Authorization
All API calls require secure authorization. Secure authorization for all API call relies on the OAuth 2.0 standard. SMART on FHIR provides profiles of OAuth 2.0 for an authorization server to broker:
- The exchange of an access token to an Application (aka API consumer) on behalf of an authenticated user. Per the Terms of Use of the Soarian API, such users may be patients or patient proxies.
- The exchange of contextual information, such as a selected patient, and the ability to constrain tokens to said context.
In order to access data from Soarian via the API, an Application has to first acquire an access token from the API’s authorization server. For detailed information on OAuth 2.0 refer to Authorization
Requesting Authorization on Behalf of a User
To access Cerner’s FHIR® services on behalf of a user, your client Application must make an authorization request through a user agent on the user’s device. This involves the following steps:
- Discover the authorization and token endpoints from the Conformance resource.
- Construct an authorization grant request URL.
- Invoke a browser with the authorization grant request URL.
- Receive the OAuth callback.
- Exchange the received grant for a token.
- Close the browser.
- Handle any exceptions encountered.
- Utilize “refresh” tokens.
For details on above steps refer to Authorization
Soarian supports only SMART Application Launch flow as listed in the technical specification
Soarian supports only access on behalf of a patient or patient proxy. In addition, Soarian supports only “patient” scopes for the resources specified in the Conformance statement. For example: patient/Condition.read, patient/MedicationStatement.read…
ActivateLinkToken API to link User Identity to Patient
Overview
Soarian Clinicals generates and provides Activation tokens for each of the patients and/or patient’s proxies who wish to request patient’s data. The Application needs to provide a means to enter Activation tokens and call the ActivateLinkToken API to link the user to the patient record.
Activation tokens can be provided to patients and their proxies. Soarian Clinicals allows hospital staff to add patient proxies and manage their tokens. This Activation token is provided to patient and/or their proxies by hospital staff either by printed report or email, based on hospital’s configuration and policy. Activation tokens are temporary and expire if not utilized; the API will error if a token is invalid, revoked or expired. Patients can request hospital staff to generate another Activation token, if needed.
API-consuming Application(s) need to invoke ActivateLinkToken API to establish a link between the established user identity and a patient record in Soarian Clinicals. This service when called, the Application must provide Authorization token (access token received from Cerner OAuth server), valid Activation token (provided by Hospital to Patient or Proxy) and Patient’s Date of Birth. Activation is once per account (patient/proxy), regardless of the number of different applications used to access the patient record.
Details
The following provides information about the ActivateLinkToken API.
API Root Url
The root URL for this API would be as follows, where the tenant varies and is provided at the time of registration.

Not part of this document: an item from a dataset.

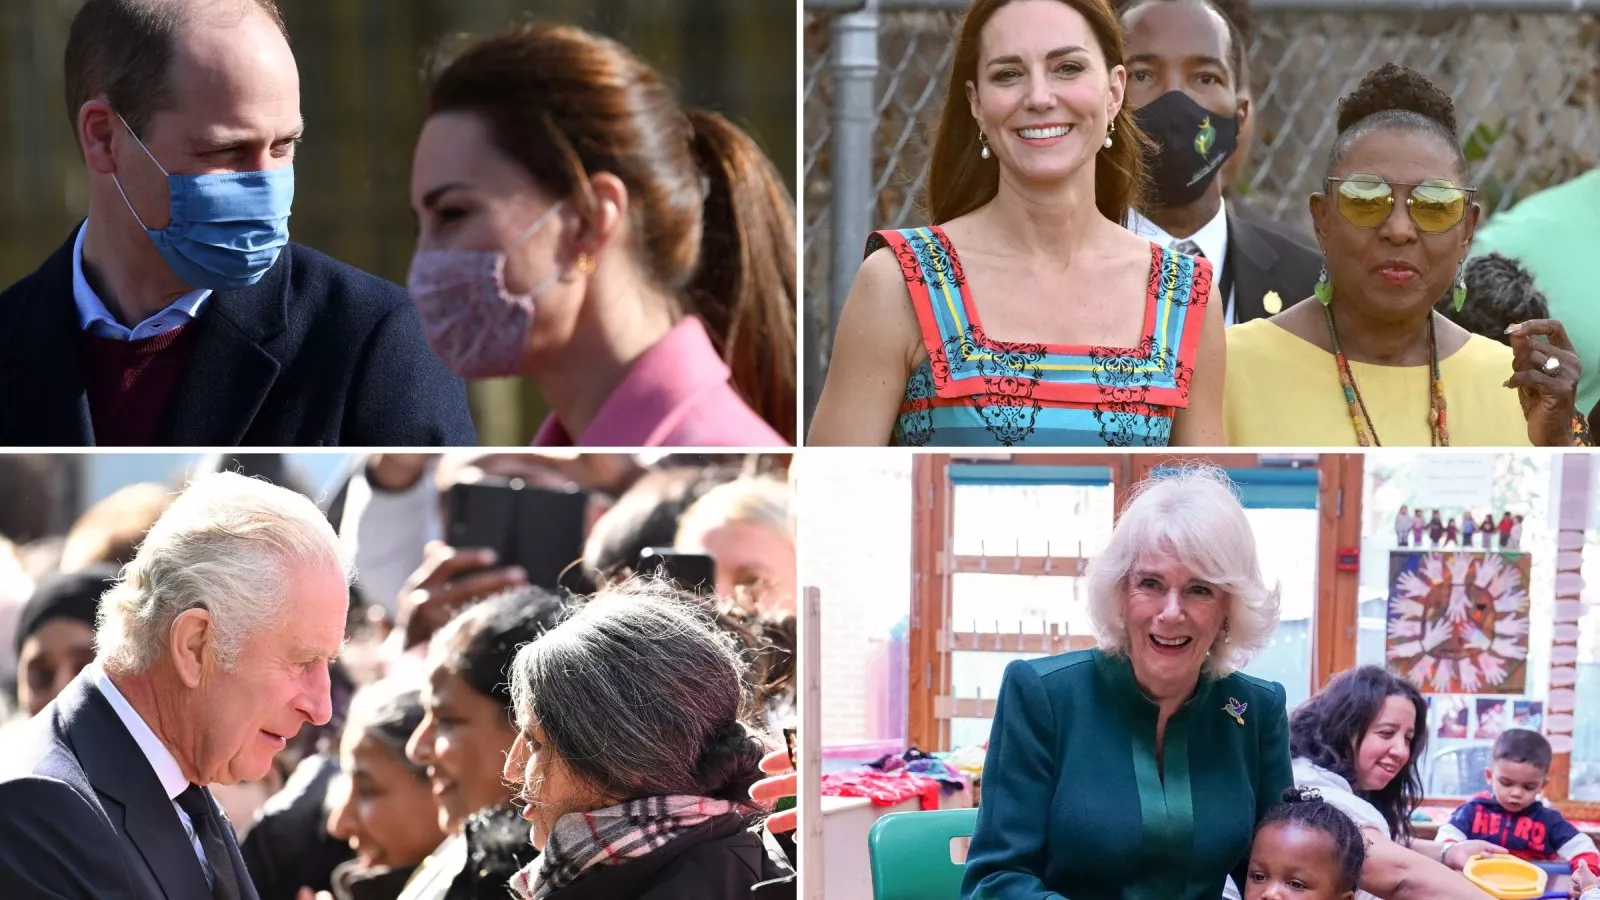 King Charles, Queen Camilla Awkward Meetings With People of Color Go Viral

Sandbox: https://api-myrecord.sandboxcerner.com/soarian/:tenant
Production: https://api-myrecord.cerner.com/soarian/:tenant
Requesting OAuth Access Token
ActivateLinkToken API requires OAuth access token from Cerner OAuth authorization server. Cerner has designed a special profile to access this API. Each Soarian Clinicals instance advertises the URL of its respective authorization server within its FHIR® Conformance document for the ActivateLinkToken API under
"rest": [
{
"mode": "server",
"security": {
"extension": [ ...
]
},
{
"url": "http://cerner.hs.fhir.com/StructureDefinition/SoarianIdLinking-uris",
"extension": [
{
"url": "token",
"valueUri": "https://authorization.sandboxcerner.com/tenants/45343c0c-3f93-4721-874a-258fc4bae3a4/protocols/oauth2/profiles/soarian-identity-linking-v1/token"
},
{
"url": "authorize",
"valueUri": "https://authorization.sandboxcerner.com/tenants/45343c0c-3f93-4721-874a-258fc4bae3a4/protocols/oauth2/profiles/soarian-identity-linking-v1/personas/patient/authorize"
}
]
}
],
"description": "OAuth2 with SMART extensions"
},
The Application needs to initiate the OAuth flow with the end-points listed above for obtaining OAuth 2.0 token for ActivateLinkToken API. Refer to Authorization for more details. The scope is not applicable to this API and will be passed empty.
Headers
The following headers must be provided.
Authorization: <OAuth2 Bearer Token obtained from above step>
Parameters
There are two input parameters and both are mandatory.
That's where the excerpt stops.